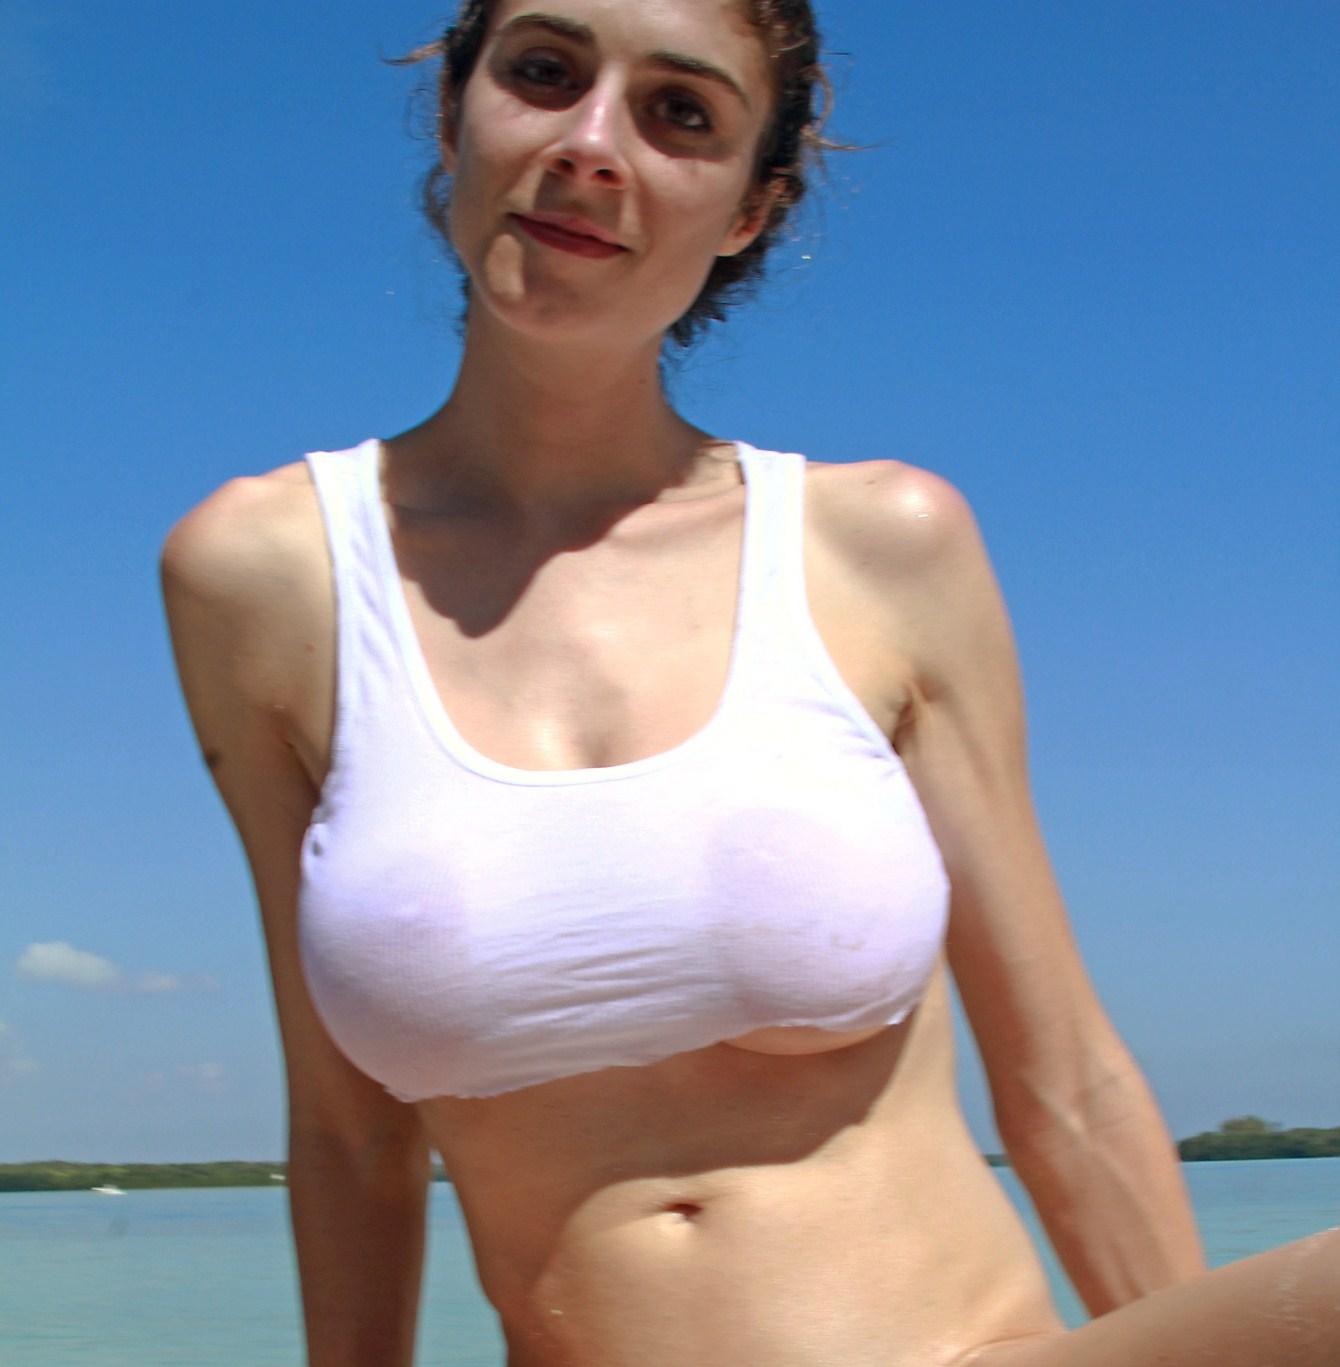 Michelle Iniciante No Anal 41-2526
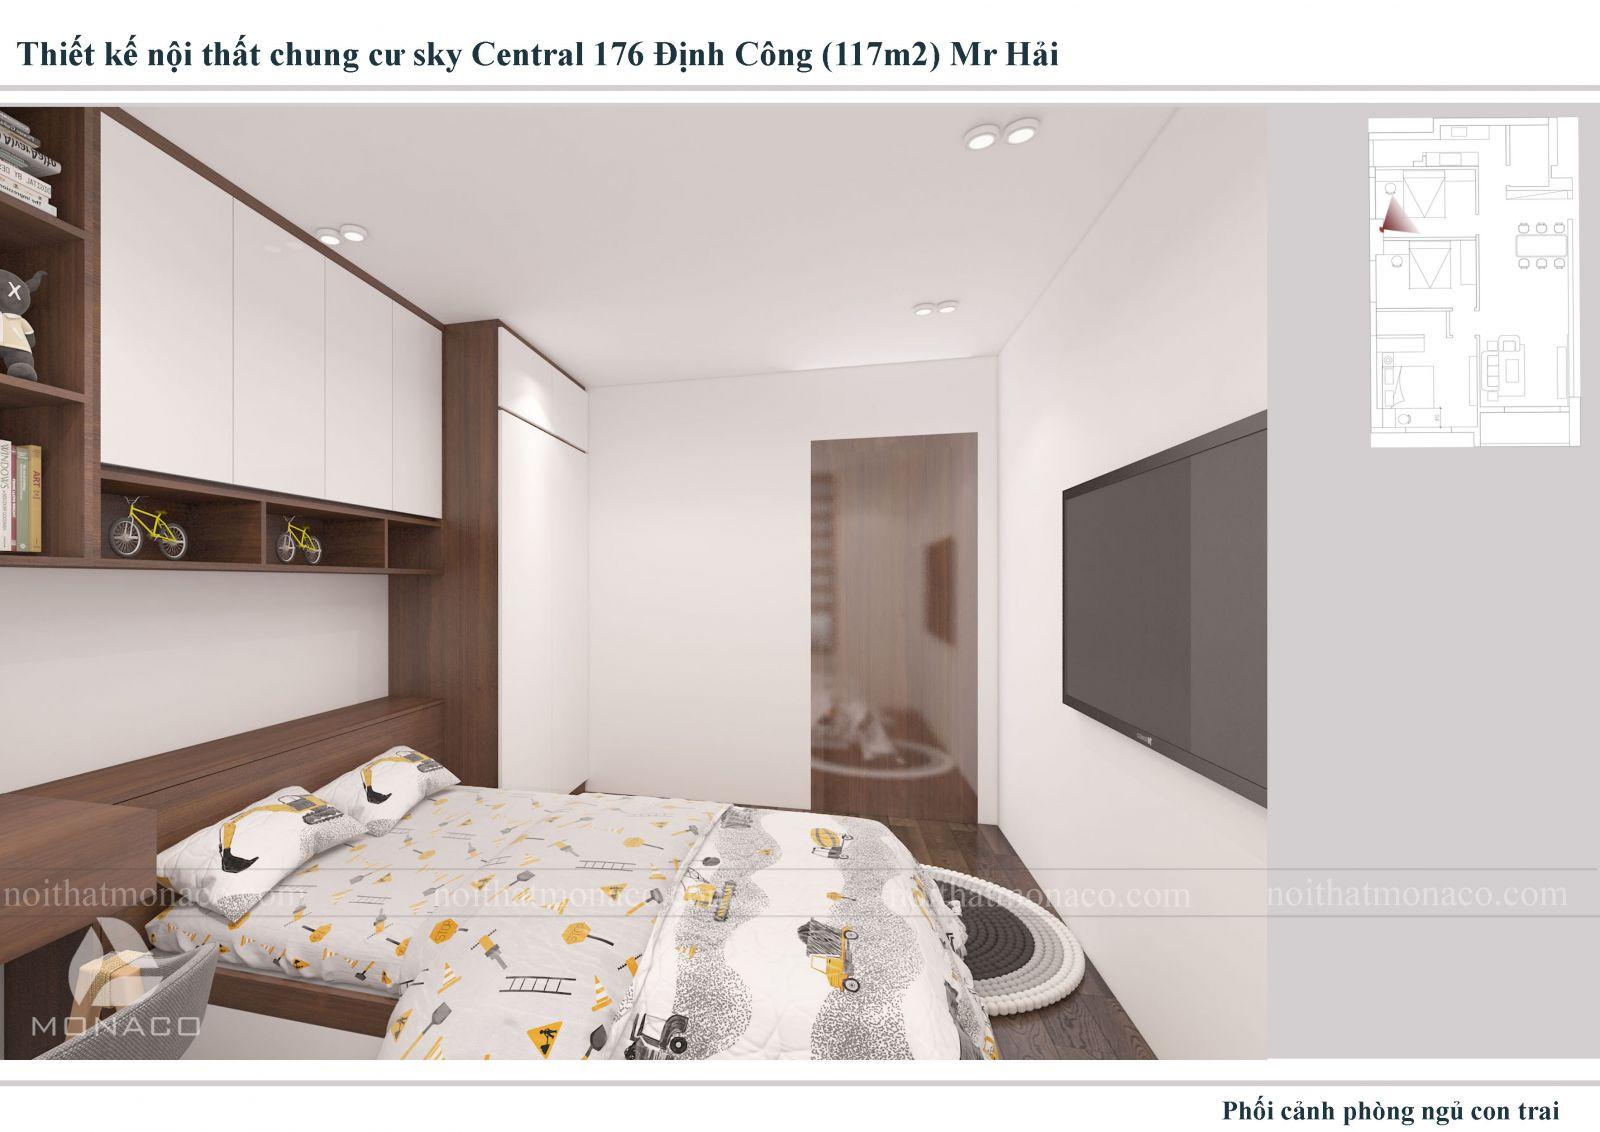 Thiết kế nội thất phòng ngủ trẻ em 2 chung cu sky central
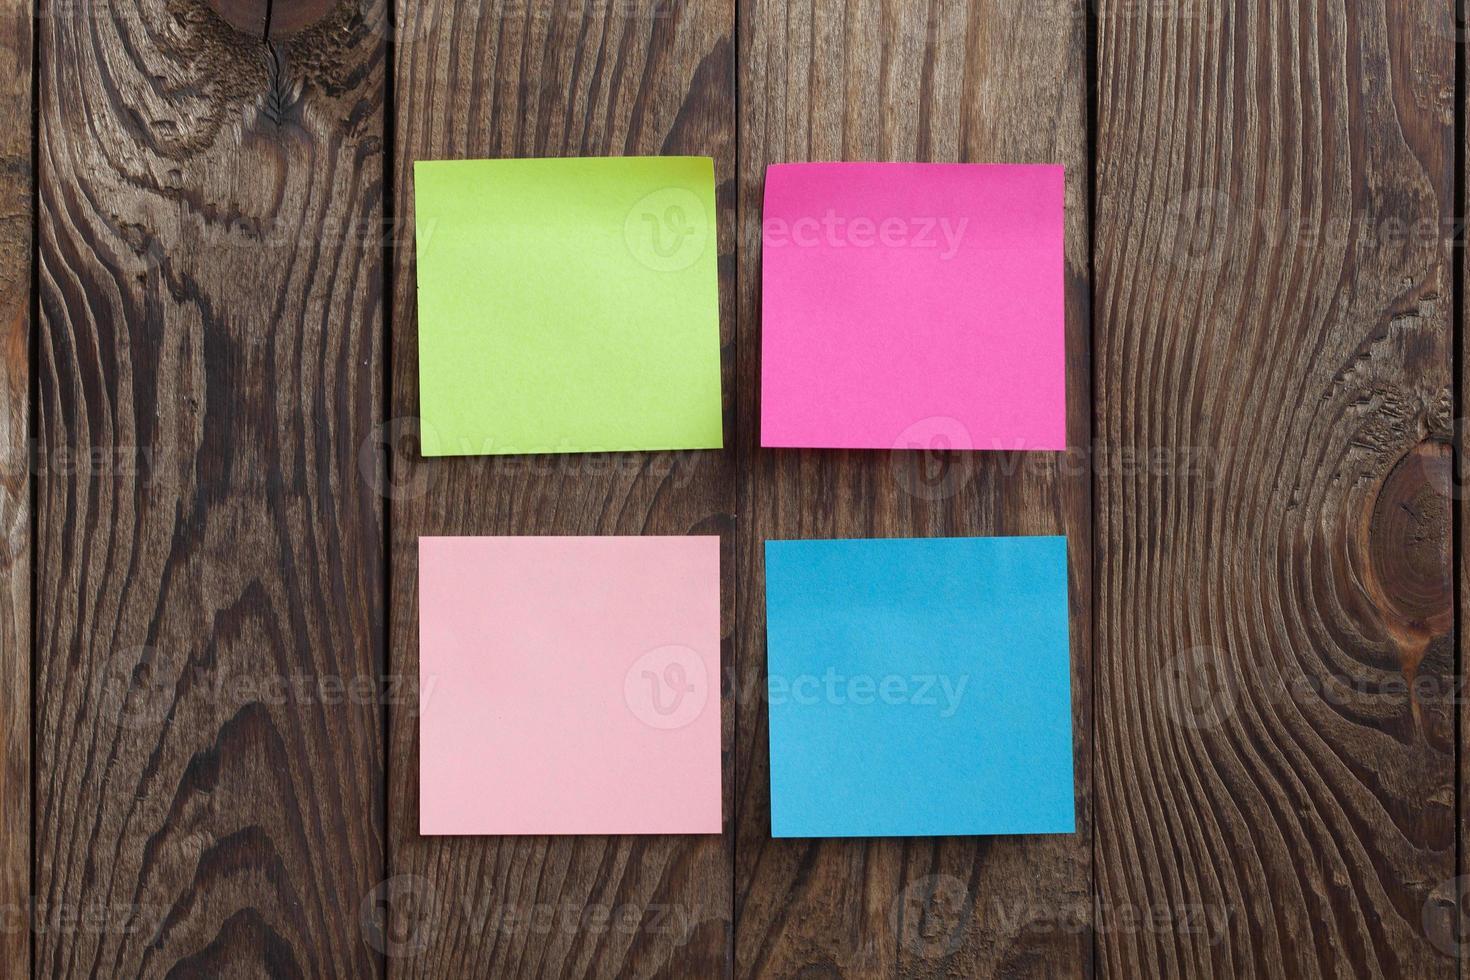 veelkleurige papieren stickers opmerking over houten achtergrond foto
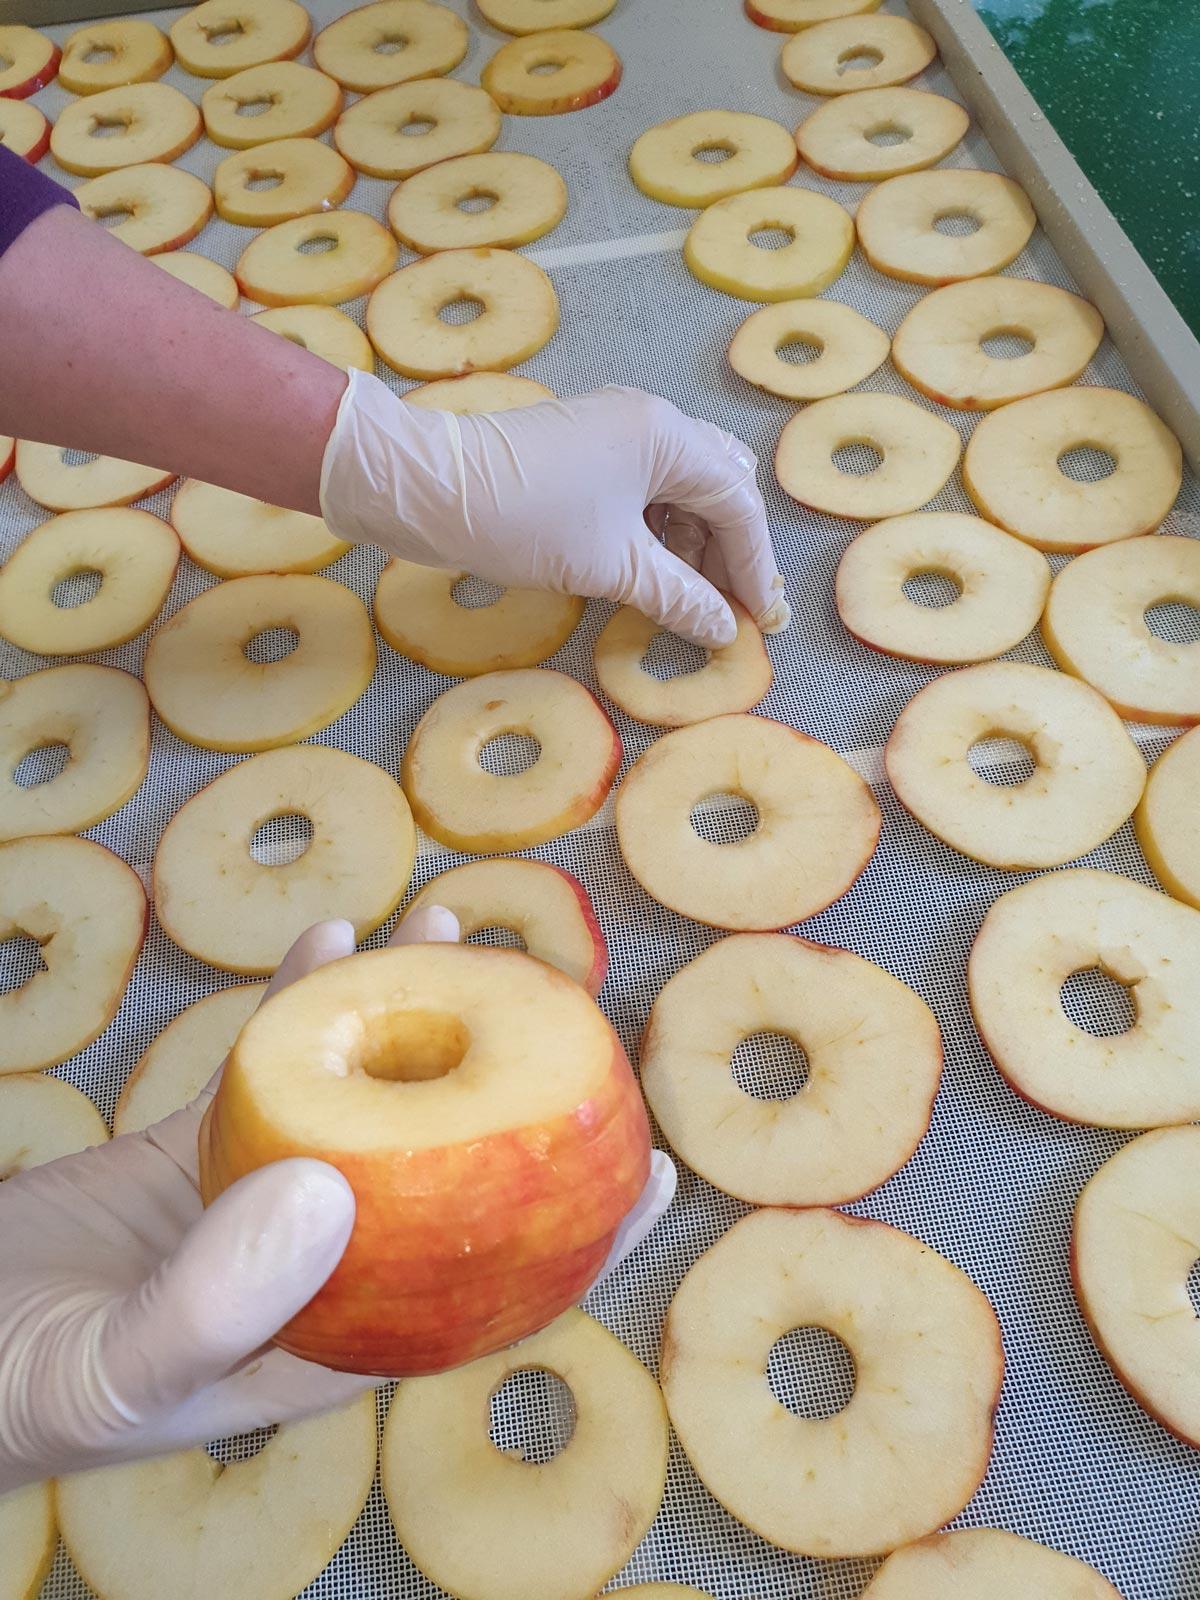 Apfelringe werden zur Trocknung auf ein Blech gelegt

⁂

Would you give the material back exactly, minus the pictures?

 Michelle Iniciante No Anal 41-2526
 Thiết kế nội thất phòng ngủ trẻ em 2 chung cu sky central
 veelkleurige papieren stickers opmerking over houten achtergrond foto
 Apfelringe werden zur Trocknung auf ein Blech gelegt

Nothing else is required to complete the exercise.